На мгновение ему показалось, что она откажется. Но мать глубоко вздохнула и кивнула.

— Хорошо, я не буду разыскивать ее.

— Спасибо.

Когда Кен наклонился, чтобы поцеловать ее, мать пожаловалась:

— Когда я молилась о том, чтобы ты влюбился, я вовсе не такое имела в виду!
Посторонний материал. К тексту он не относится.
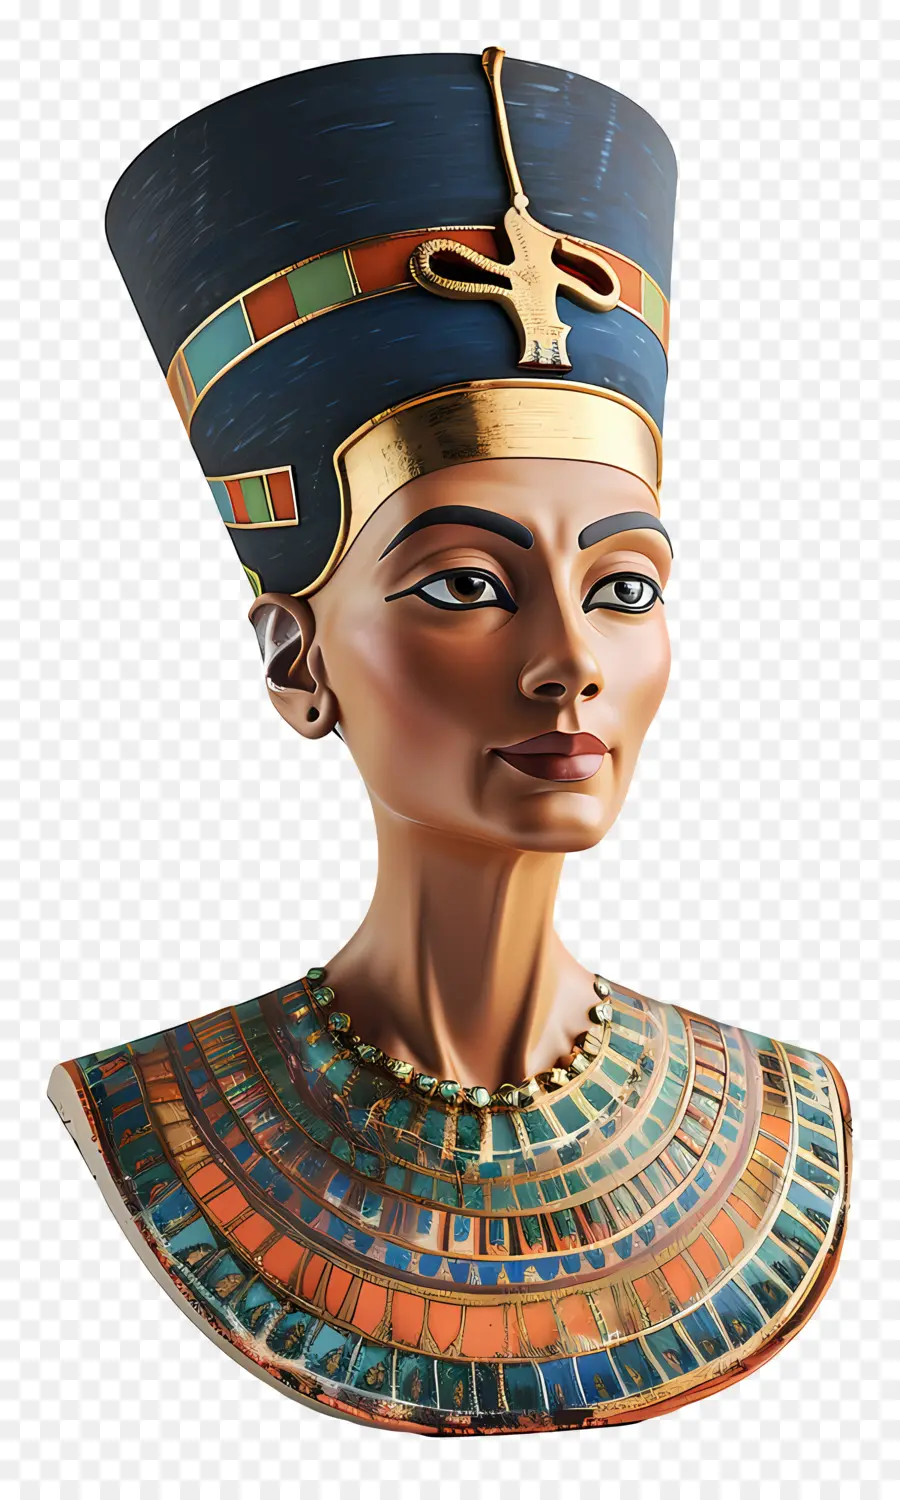 Büste der ägyptischen Frau ägyptische Frau Porträt komplizierter verzierter Stil hohe Wangenknochen mandelförmige Augen - Komplizierter, verzierter ägyptischer Frau Porträt im Oval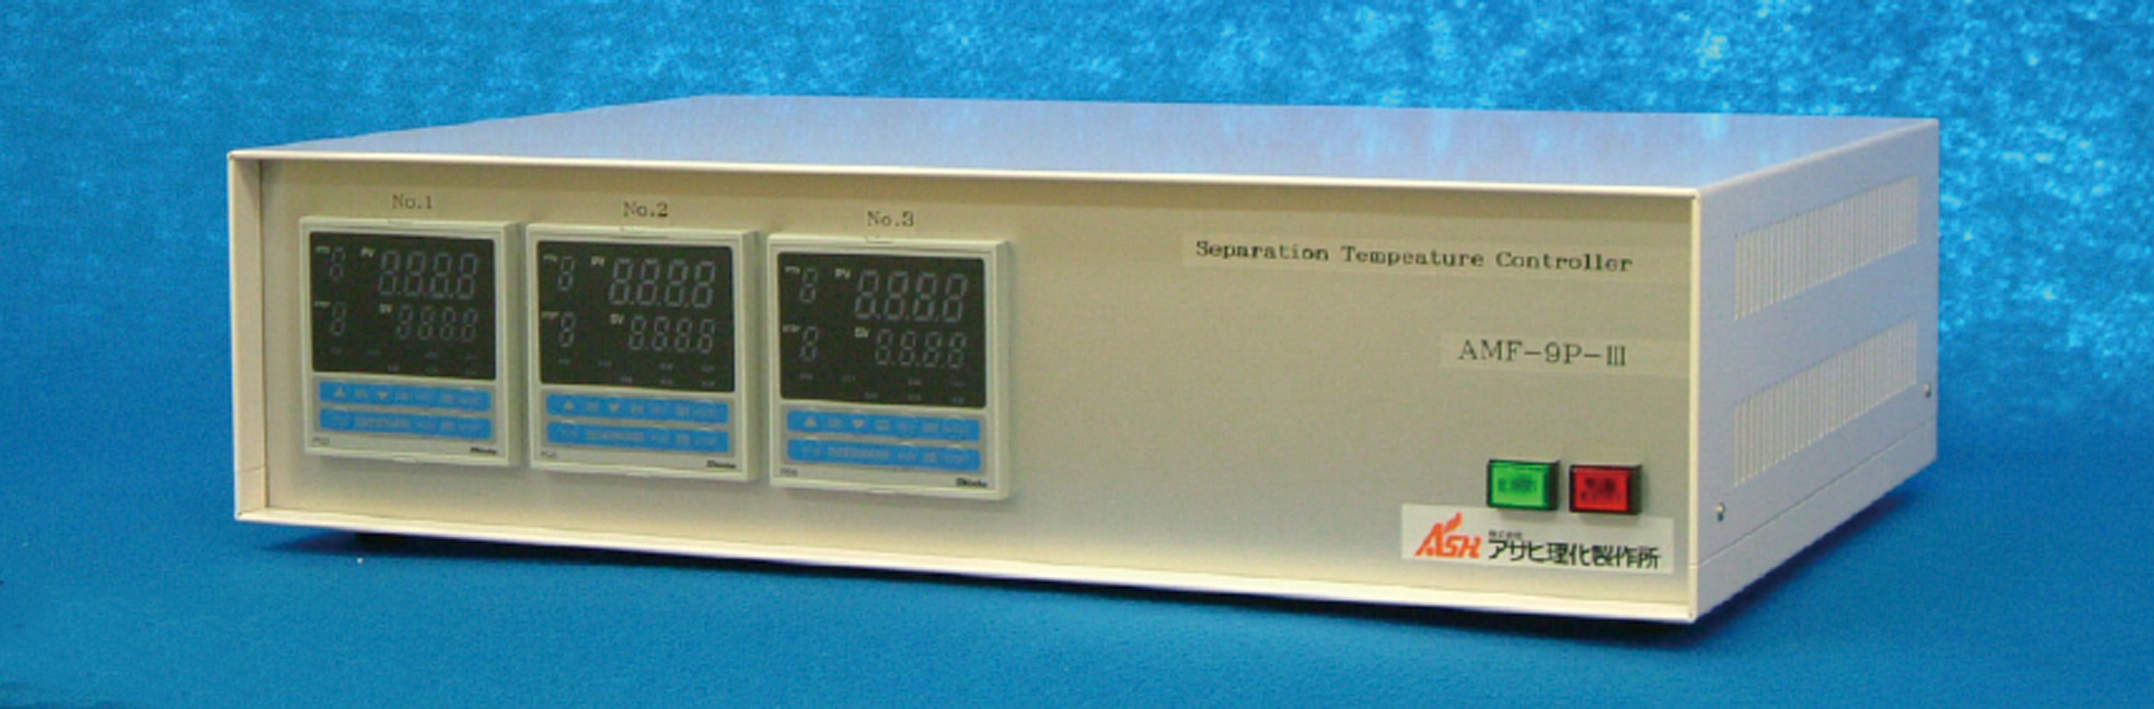 ３ゾーン専用温度コントローラー|||ＡＭＦ－９Ｐ－Ⅲ/三区温度控制器| | | AMF-9P-Ⅲ

— Ты имела в виду внуков, я знаю. — Кен улыбнулся, стараясь немного приподнять настрой их разговора.

— Внуков — да, — согласилась мать. — Но больше всего я хочу, чтобы ты разделил жизнь с любимым человеком. Я хочу, чтобы твоя жизнь была наполнена такой же любовью, какую испытываем друг к другу мы с твоим отцом. Я хочу того же, чего хочет любая мать для своего ребенка, — с жаром проговорила Моник, в ее темных глазах сверкали материнские забота и любовь. — Я хочу, чтобы ты был счастлив.


Мама не может хотеть всего этого больше, чем я сам, думал Кен два часа спустя, выезжая на дорогу, ведущую через Пайнвуд к Огасте. Он оставил Моник погруженной в обрывание отцветших головок у роз. Кен пытался убедить ее, поскольку сам не знал, сколько дней займут у него дела в Огасте, вернуться в Швейцарию, но она даже слушать его не пожелала.

Проезжая знакомый городок, он почувствовал такое сильное искушение свернуть к дому Грейс, что до боли сжал рулевое колесо, чтобы не последовать своему желанию. Моя жизнь никогда не будет счастливой, мрачно подумал он. Не будет — без Грейс. Без ее любви, ее тепла…


Грейс смотрела на лежащий перед ней лист бумаги — прошение об отставке, над которым трудилась больше трех часов. Теперь оно было написано, и оставалось только запечатать его в конверт и отослать. Однако ей почему-то не хотелось делать этого. Только не сейчас.

Она встала и заходила по комнате. А затем, подчиняясь внезапному порыву, схватила ключи и выбежала из дому.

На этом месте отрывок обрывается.